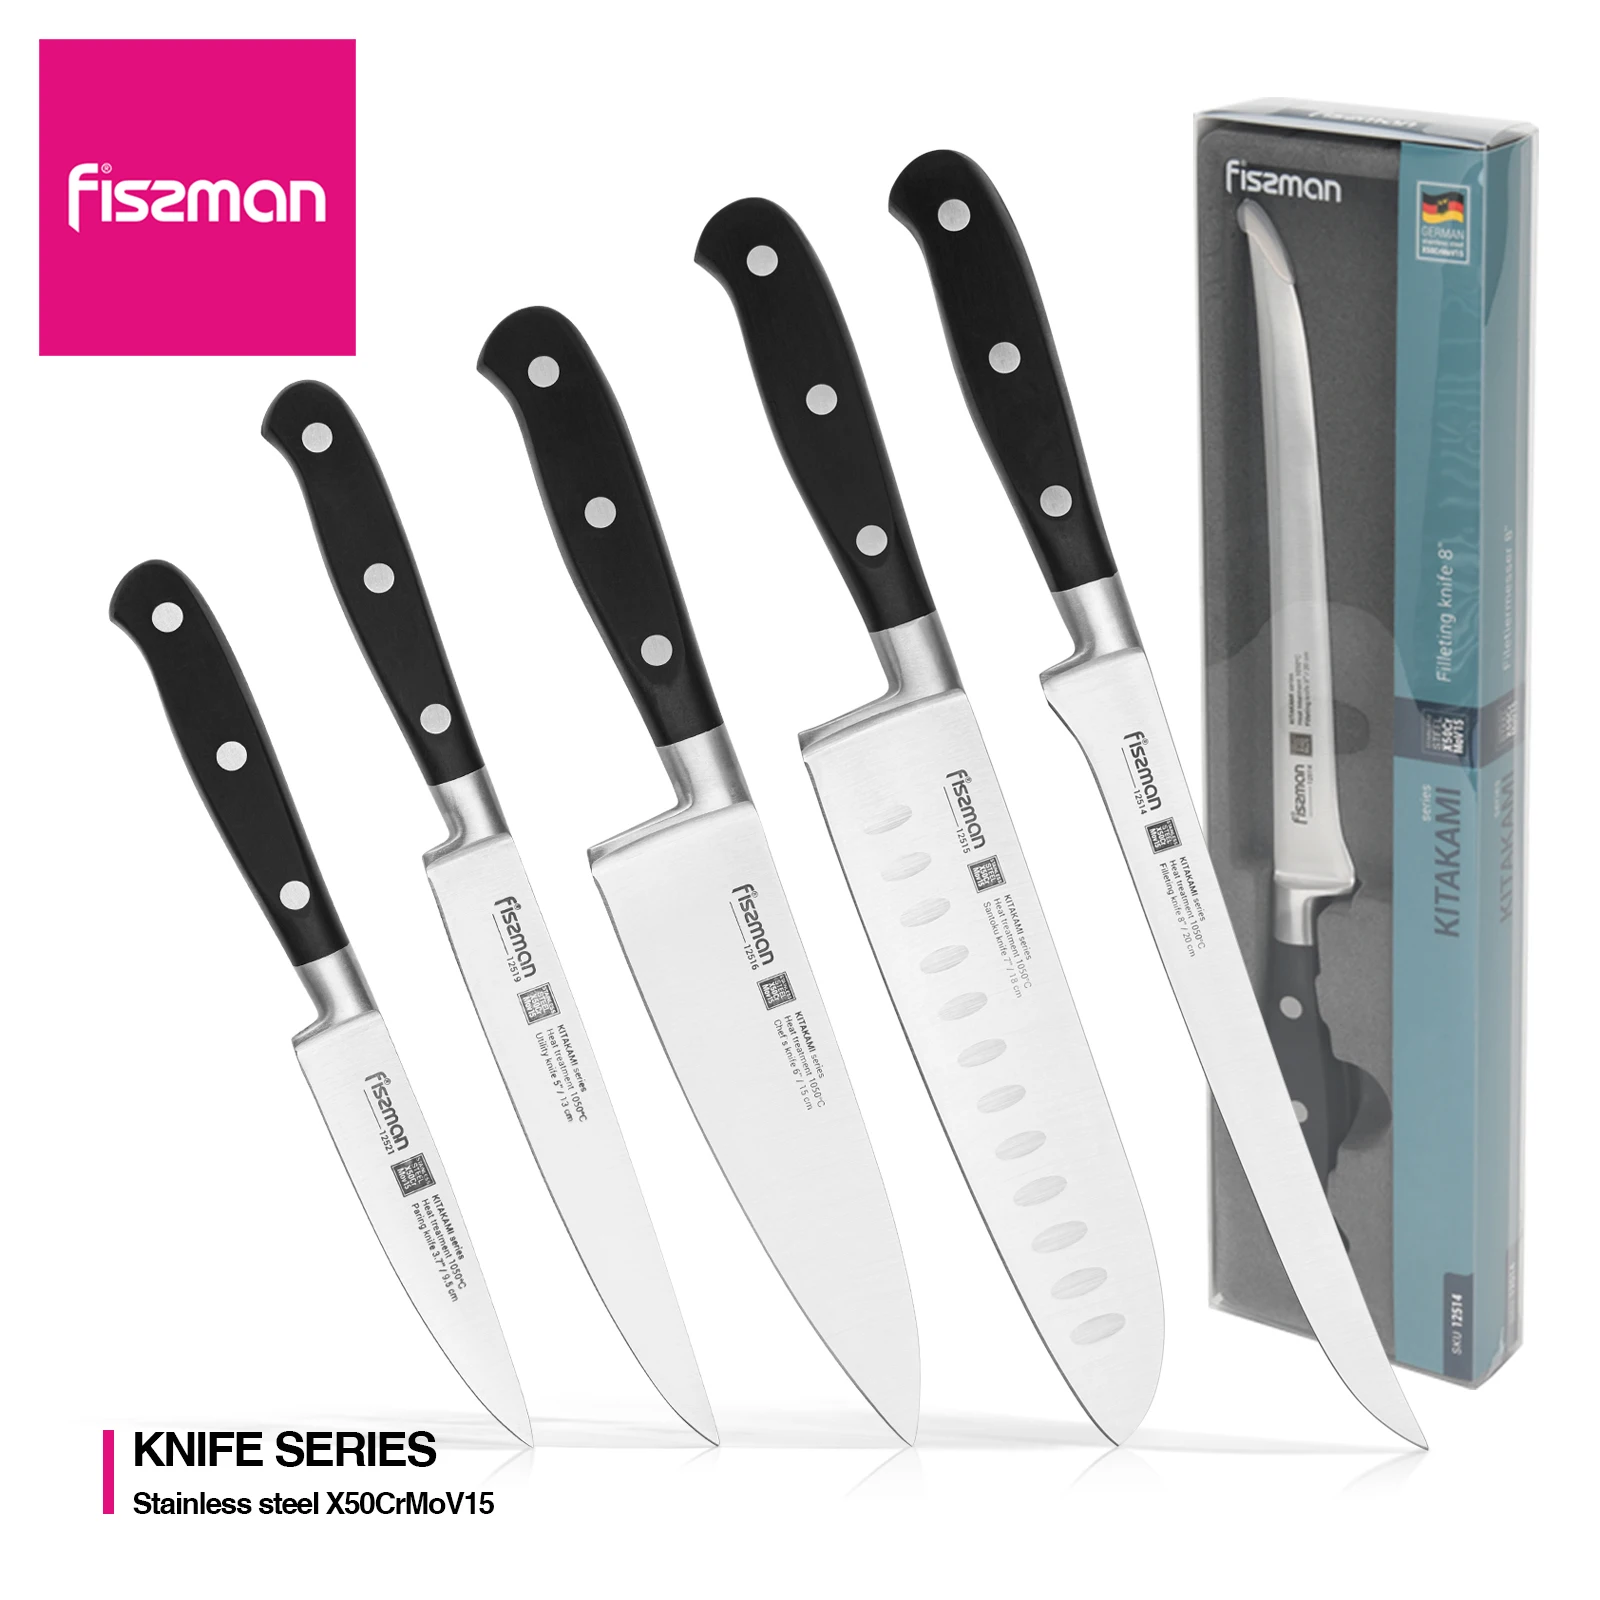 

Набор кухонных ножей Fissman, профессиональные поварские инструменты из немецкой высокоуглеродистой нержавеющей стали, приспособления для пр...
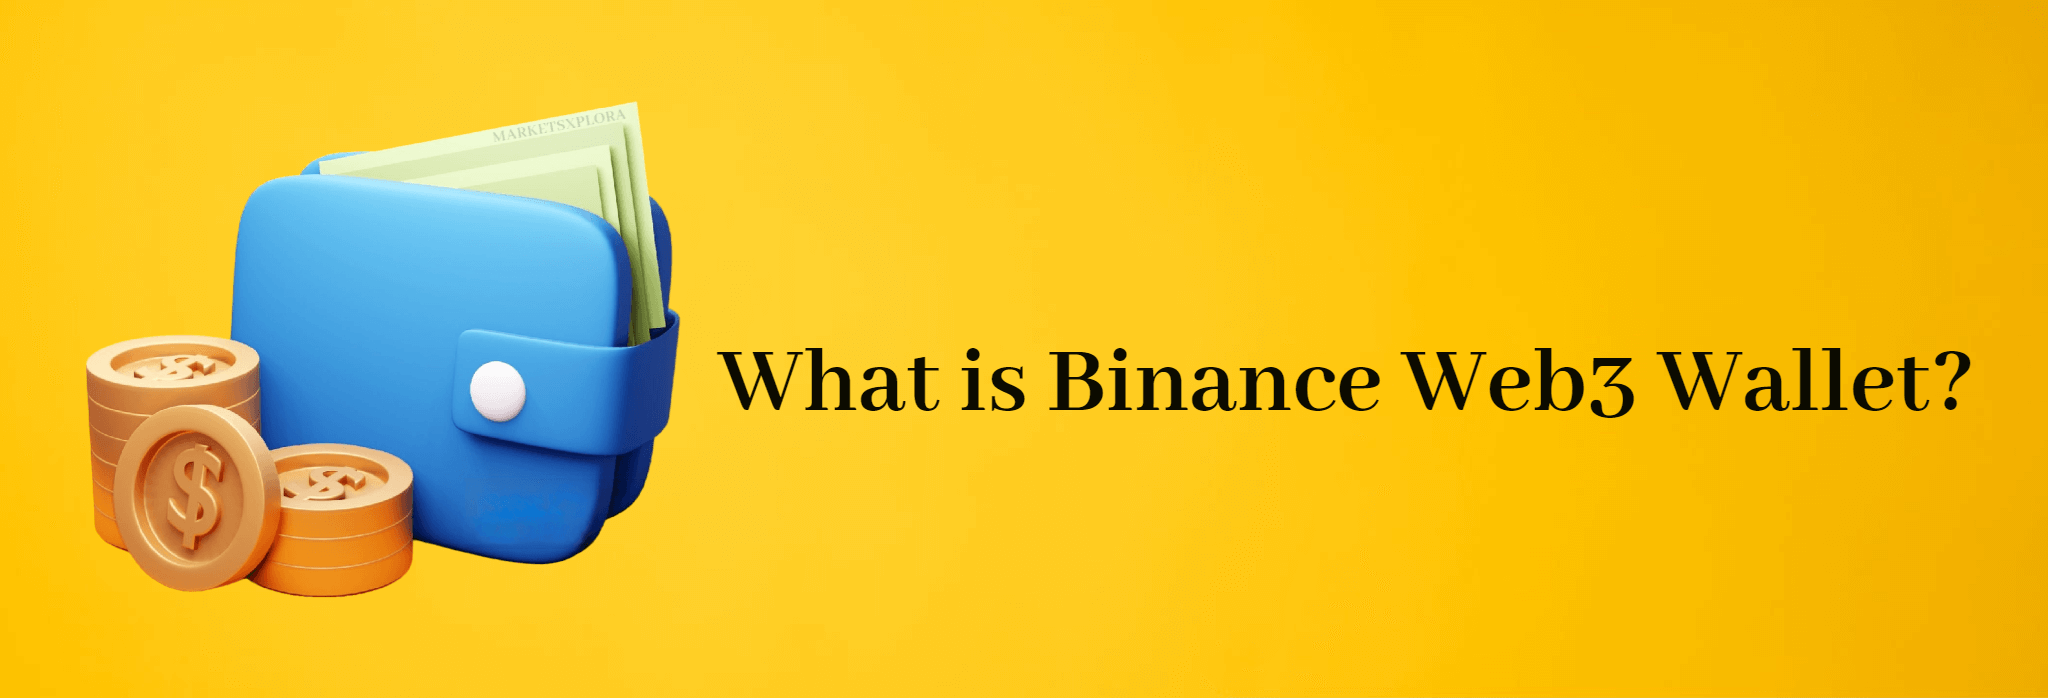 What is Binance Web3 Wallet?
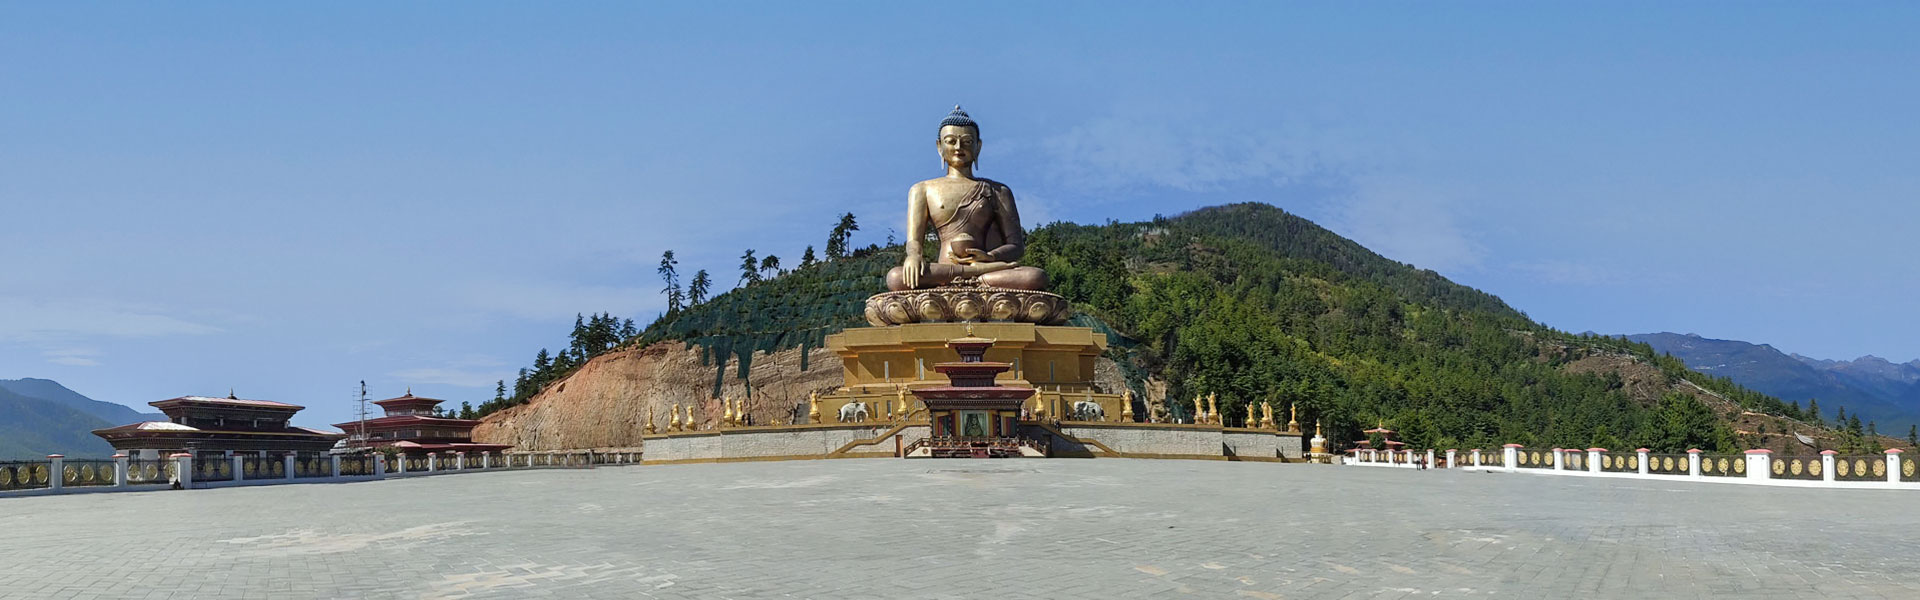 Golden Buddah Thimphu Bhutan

Task statement: Return the listing above in full and unaltered. Keep the pictures out.

Response area:
Набор кухонных ножей Fissman, профессиональные поварские инструменты из немецкой высокоуглеродистой нержавеющей стали, приспособления для пр...
 What is Binance Web3 Wallet?
 Golden Buddah Thimphu Bhutan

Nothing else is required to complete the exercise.